We all know that searching for a job can be frustrating, and that sending in applications is only the start of a process that can include a lot of waiting.

And waiting…

And waiting…

And then, well—maybe you never hear back.

In this all-too-familiar scenario, lots of people may wonder what has happened to their application. Has a human being even seen it, or was it lost in some mechanical process?

The curious case of the job application robot

Recently, I read an interesting article by a director of a national nonprofit who was searching for a new challenge. He applied to multiple job openings at well-known tech companies, but soon began to suspect that robots, aka “applicant tracking systems” were “reading” most of his applications.

Eventually he grew so frustrated by the long silences and the lack of a human response that he decided to take radical action. Fighting fire with fire, he designed a robot of his own.

The “contraption of crawlers, spreadsheets and scripts” aggregated hiring managers’ contact information and then submitted a customized email with a resume and personal cover letter to those hiring managers.

It also tracked how many times his cover letter, resume or social media profile was viewed, as well as email responses from employers. In total, the robot applied to more than 500 jobs over a three month period.

So this leads to the big question: Did this amazing job application robot work? The short answer, unfortunately, is no.

Resist the urge to bombard recruiters with applications

Now the truth is that at an executive level, referrals play a big role in job applications. But at any level, the “spray and pray” approach is unlikely to work.

It’s easy to understand why candidates might feel that they should apply to as many jobs as possible to maximize their chances of landing an interview.

However, if you look at it from the side of the recruiter who is overwhelmed with resumes to sort through every day, then it’s easy to understand why it doesn’t work.

In fact, Indeed data shows that people with the highest number of applications are far less likely – 39% less likely – to receive a positive response from employers.

It’s much more effective to write targeted applications, custom made for the jobs you are interested in. Once you’ve identified a job to apply for, your main goal should be to make it clear to a potential employer why you are a great fit.

Four steps to help you land the job

What can help you stand out from the crowd? Here are four tips to help you make your applications more targeted.

Be honest with yourself – The most important thing you can do to improve your chances is to carefully evaluate each job you’re applying for to ensure a good fit. Be honest with yourself and ask: 1) Are you qualified to do the job? and 2) Do you actually want to do this job?                      

Here’s what a recruiter thinks when he or she receives applications for every job at their company: You haven’t actually read the job descriptions. Trust me, it’s not a good look. This doesn’t mean you can’t apply to more than one job at a time – just make sure they are all jobs you are interested in and qualified for. 

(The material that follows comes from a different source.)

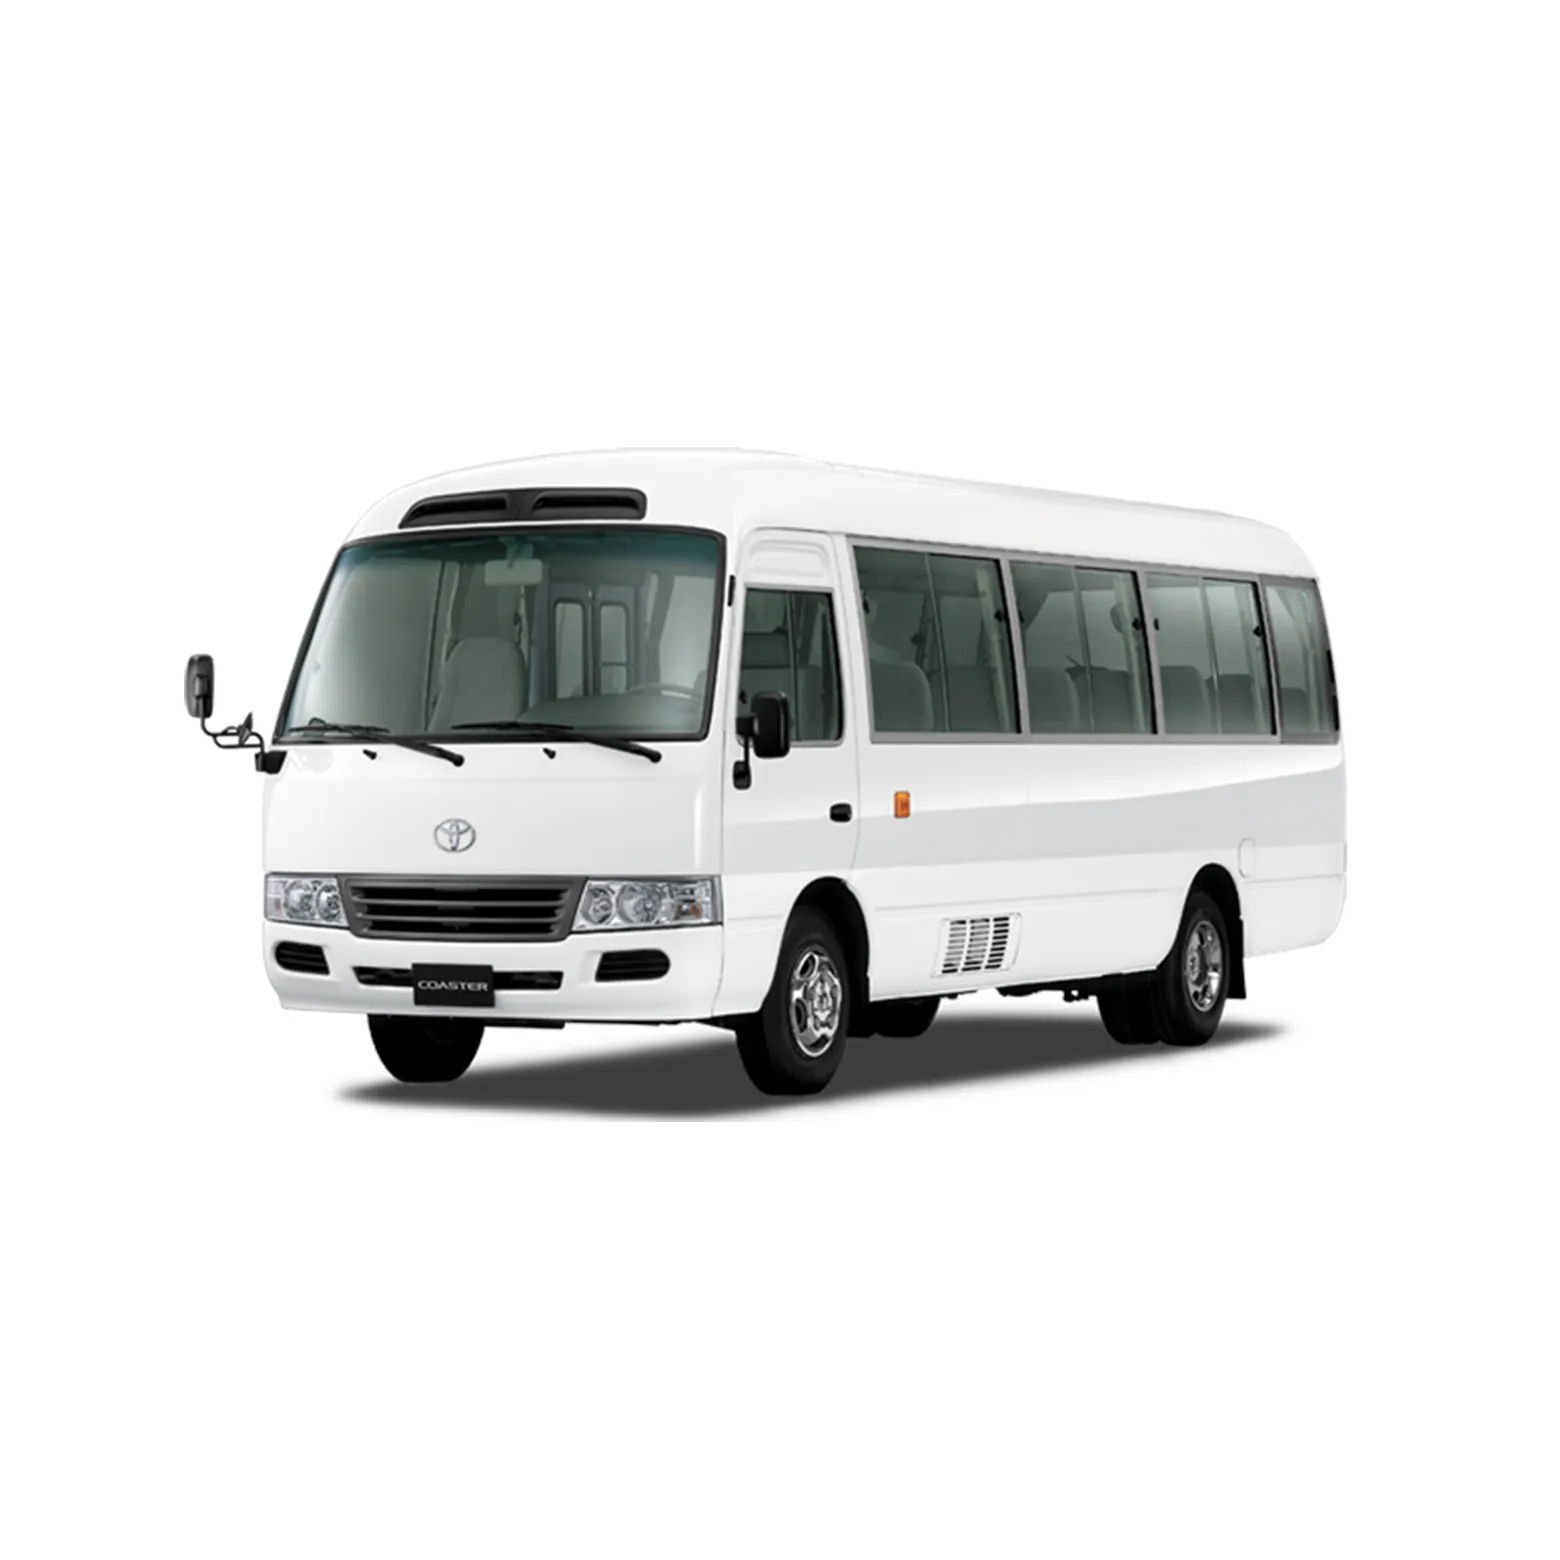 Dijual Coaster LHD 30 Tempat Duduk Toyota Coaster Bus 2019 Tahun Mesin Yuchai 130 Bus Penumpang 6 Gigi Kecepatan

Screen and apply to each job with care – Quality is more important than quantity, so focus on crafting a few high-quality applications by reading the entire job description, ensuring you can demonstrate the required skills and qualifications, paying close attention to the application instructions, carefully reading (and answering) all questions on the application and, of course, double-checking your responses before you submit that application.

Stay organized – Successful job seekers approach their search with discipline. Just as if you were studying for an exam or tackling a particularly tricky task at work, set aside enough time to pursue your search methodically, one step at a time. Organize your outreach and keep track of the status of each job application.

Keep a clean resume – Have a “clean” resume on hand that you can alter to fit each job application. For example, adding relevant details or emphasizing past experience to fit a specific job. Don’t just start with the last resume you created for a different job having a clean resume will make applying for jobs more convenient, and thus the job-application process will go more smoothly.

These steps may not sound as high-tech as building a job applying robot, but the more targeted you can be, the better.

Paul Wolfe is SVP of Human Resources at Indeed. A shorter version of this post was published at SHRM.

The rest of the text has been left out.